Key relationship: $n$ bits can represent $2^{n}$ different characters.

Bits per character	Characters representable
7	$2^{7} = 128$
8	$2^{8} = 256$
16	$2^{16} = 65, 536$
32	$2^{32} \approx 4.3$ billion

Worked example — why does 'B' have a character code one more than 'A'?

Because character sets are logically ordered — consecutive characters have consecutive codes. If 'A' = 65, then 'B' = 66, 'C' = 67, etc. This allows programs to sort alphabetically using code comparisons.

Images — Pixels and Binary

A digital image is made up of a grid of pixels (picture elements). Each pixel has a single colour, which is stored as a binary number.

Colour depth is the number of bits used to represent the colour of a single pixel:

1-bit colour depth: 2 colours (black and white only)
8-bit colour depth: $2^{8} = 256$ colours
24-bit colour depth: $2^{24} \approx 16.7$ million colours

Resolution is the number of pixels in the image (width × height in pixels).

Metadata is additional information stored alongside the image data — e.g. image dimensions (height and width), colour depth, file format. Metadata does not form part of the visible image but is needed to interpret it correctly.

Effect of colour depth on image:

Higher colour depth → more colours available → more realistic image quality → larger file size
Lower colour depth → fewer colours → banding/graininess → smaller file size

Effect of resolution on image:

Higher resolution (more pixels) → more detail → larger file size
Lower resolution → less detail → smaller file size

Worked example — an image is 400 pixels wide × 300 pixels tall with 8-bit colour depth:

File size = colour depth × height × width = $8 \times 300 \times 400 = 960, 000$ bits

$= 960, 000 \div 8 = 120, 000$ bytes $= 120$ KB (using 1 KB = 1,000 bytes) ✓

If colour depth increases to 24 bits: $24 \times 300 \times 400 = 2, 880, 000$ bits = 360 KB — the file is 3× larger.

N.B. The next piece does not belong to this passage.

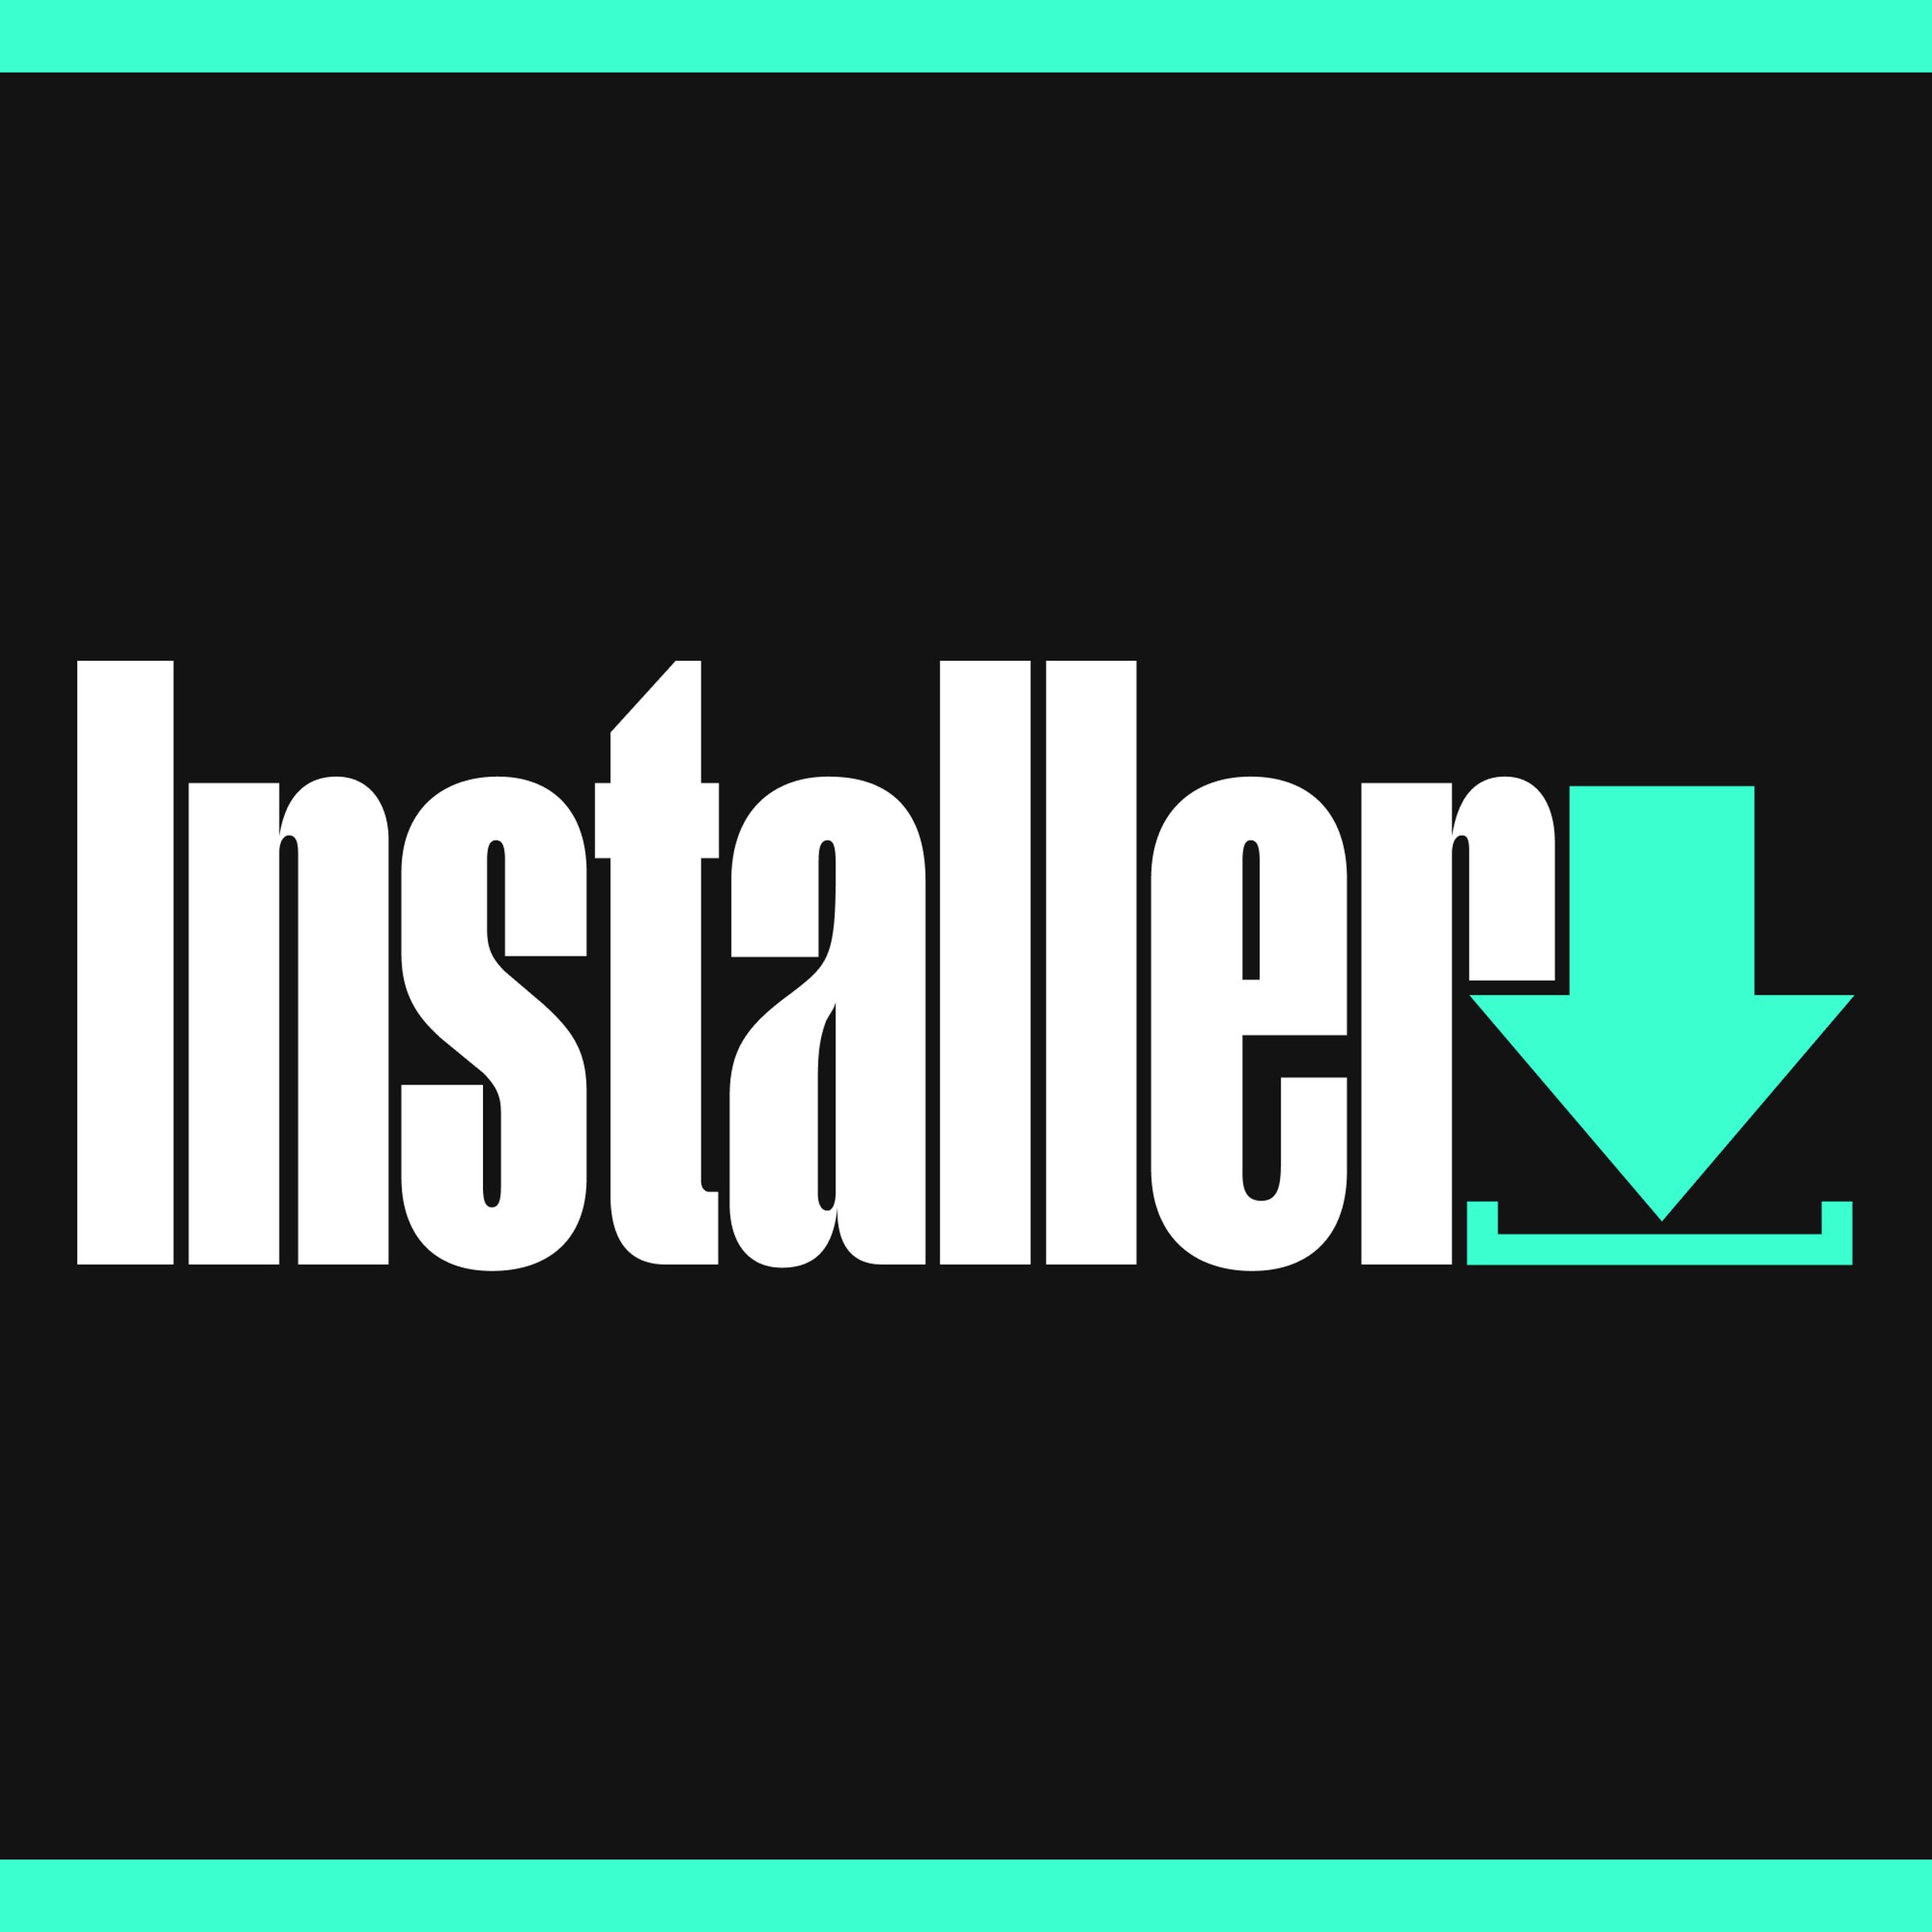 An illustration of the Installer logo on a black background.

Sound — Sampling and Digital Storage

Sound in the physical world is an analogue signal — a continuous wave of varying pressure. Computers can only store digital data (discrete binary values), so analogue sound must be converted.

Sampling is the process of measuring (sampling) the amplitude of a sound wave at regular intervals. Each measurement is stored as a binary value.

Three key parameters:

Parameter	Definition	Unit
Sample rate	Number of samples taken per second	Hz (Hertz)
Bit depth	Number of bits used to store each sample	Bits (e.g. 16-bit)
Duration	Length of the audio recording	Seconds

Effect of sample rate:

Higher sample rate → more samples per second → captures more detail → better audio quality → larger file size
Lower sample rate → fewer samples → less detail → lower quality → smaller file size

Effect of bit depth:

Higher bit depth → each sample can take more values → smoother, more accurate amplitude representation → larger file size
Lower bit depth → fewer possible values per sample → more quantisation noise → smaller file size

File size formula: $File size (bits) = sample rate \times duration (s) \times bit depth$

Worked example — a 30-second audio recording at 22,050 Hz sample rate, 16-bit depth:

$22, 050 \times 30 \times 16 = 10, 584, 000$ bits $= 1, 323, 000$ bytes $\approx 1, 323$ KB $\approx 1.32$ MB ✓

Want more lessons like this one?

Generate lessons on anything you study. Free account, no card needed.

Start generating

Compression

As files grow larger (high-resolution images, long audio files, HD video), they take longer to transmit and more storage space. Compression reduces file size by encoding the data more efficiently.

OCR J277 requires knowledge of two types:

Lossy compression

Lossy compression permanently removes data from the file. The removed data is identified as least important to human perception (e.g. very high frequencies in audio, subtle colour variations in an image). Once removed, this data cannot be recovered.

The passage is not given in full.